───── Information shown ─────

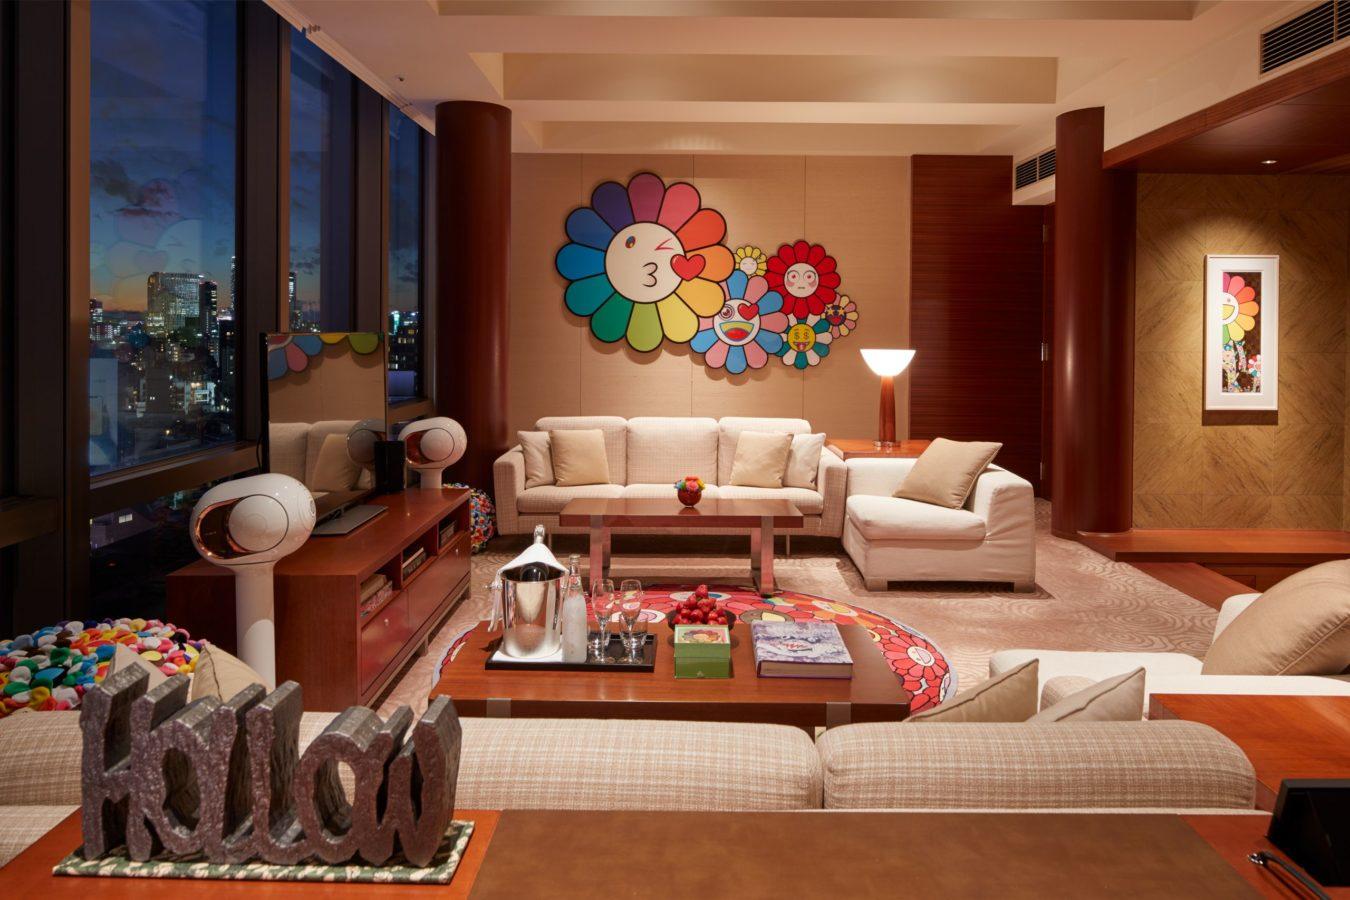 Takashi Murakami Transforms Grand Hyatt Tokyo into A World of Colourful Wonder
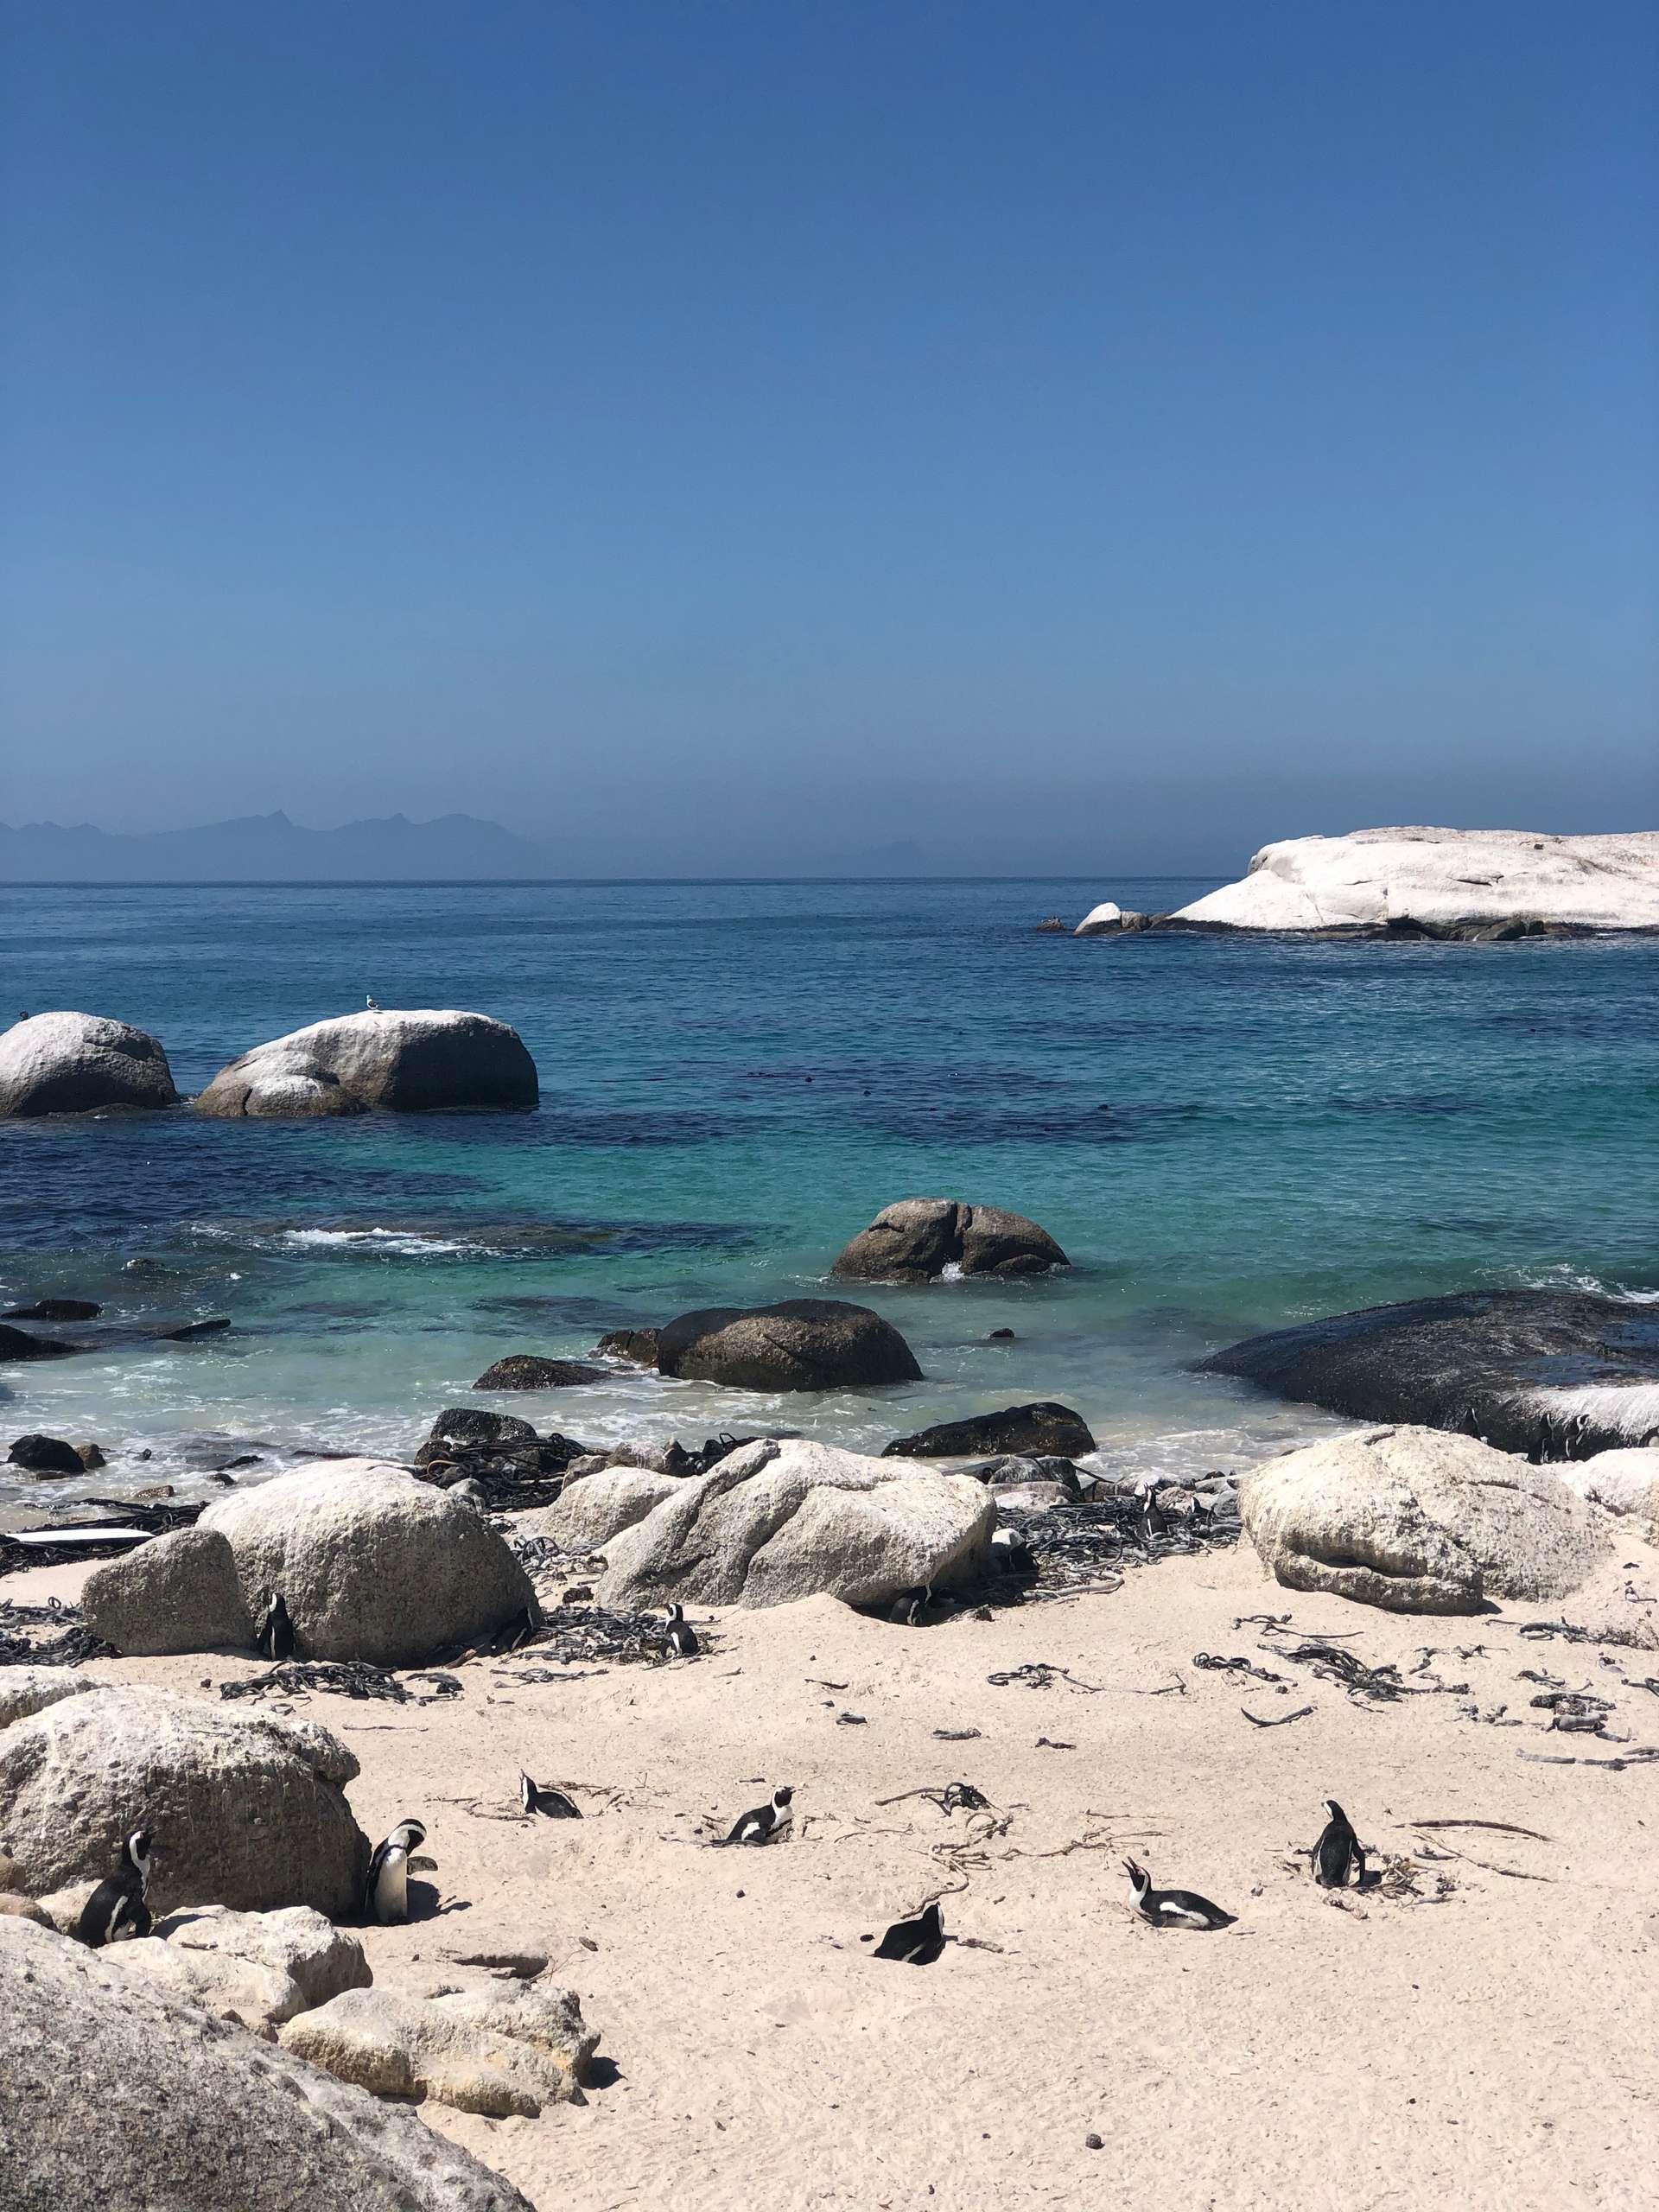 Zuid-Afrika, Kaapstad, pinguinstrand
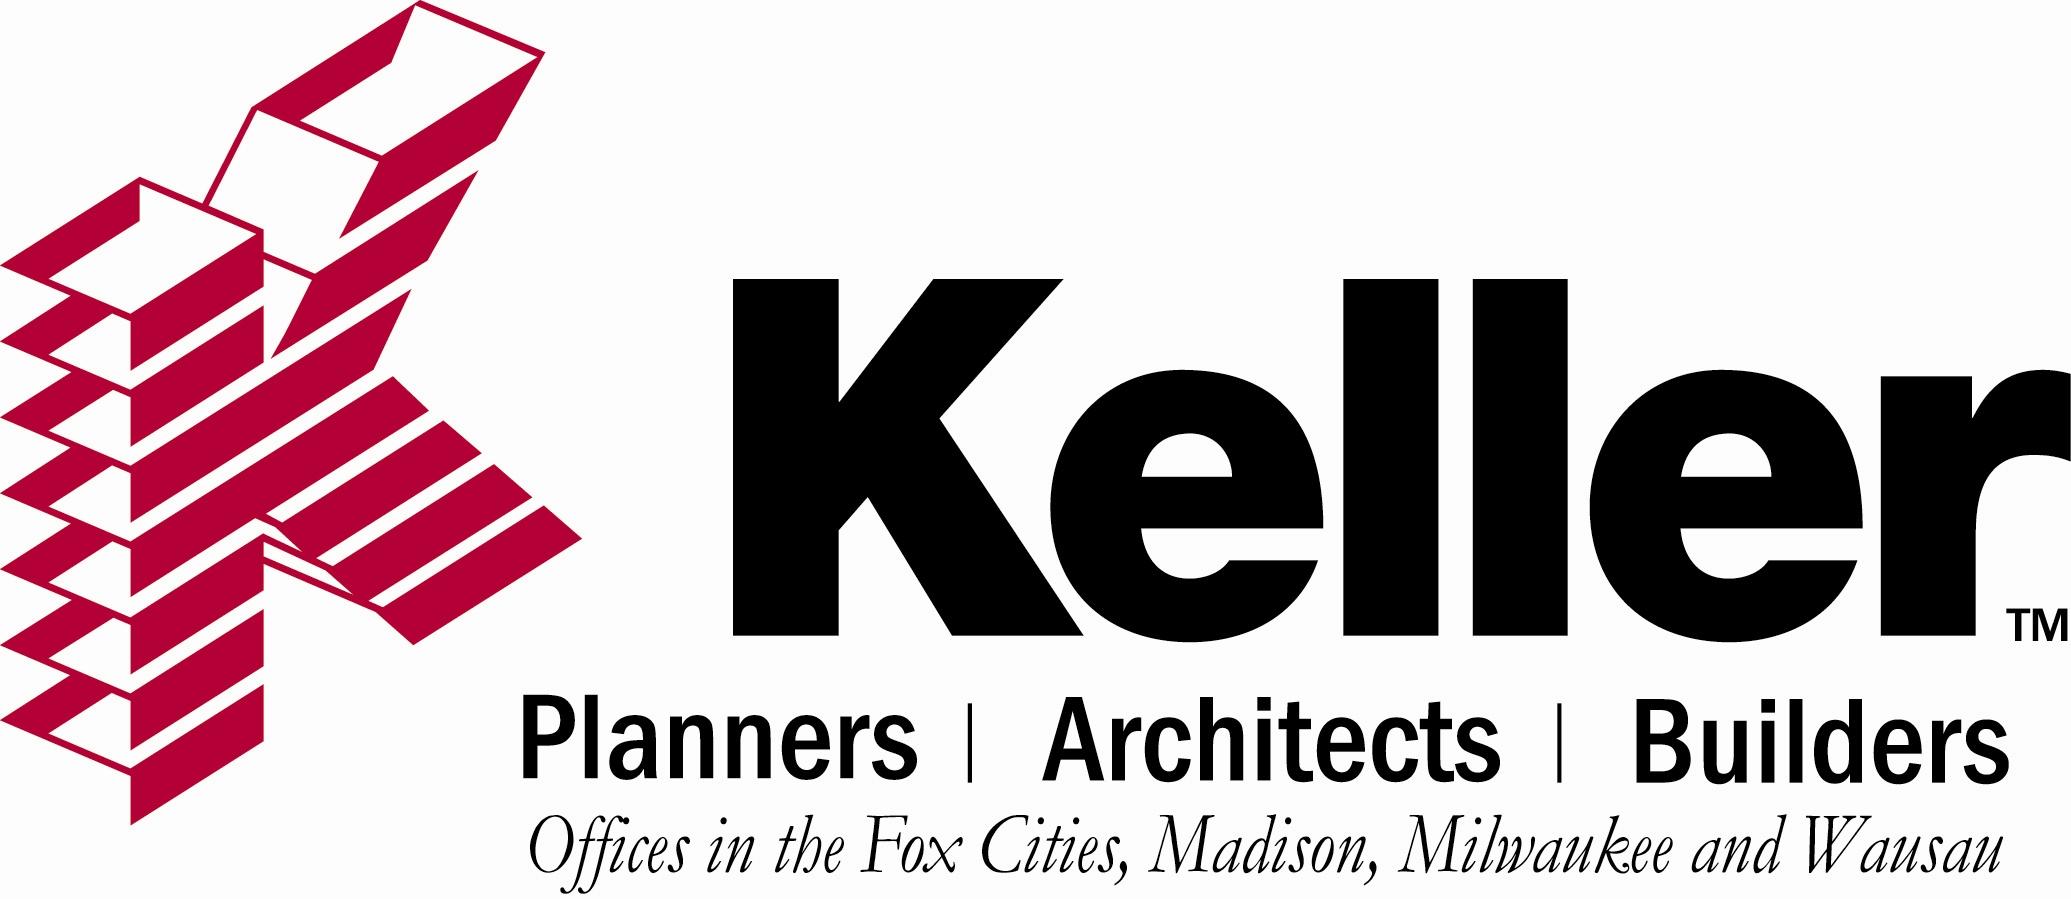 Keller Logo Horiz- with tag.JPG

─────

Reproduce exactly, and only, the lines that begin at the one containing "Zuid-Afrika, Kaapstad, pinguinstrand" and end with the final line of the data, both included, while omitting every picture.

 Zuid-Afrika, Kaapstad, pinguinstrand
 Keller Logo Horiz- with tag.JPG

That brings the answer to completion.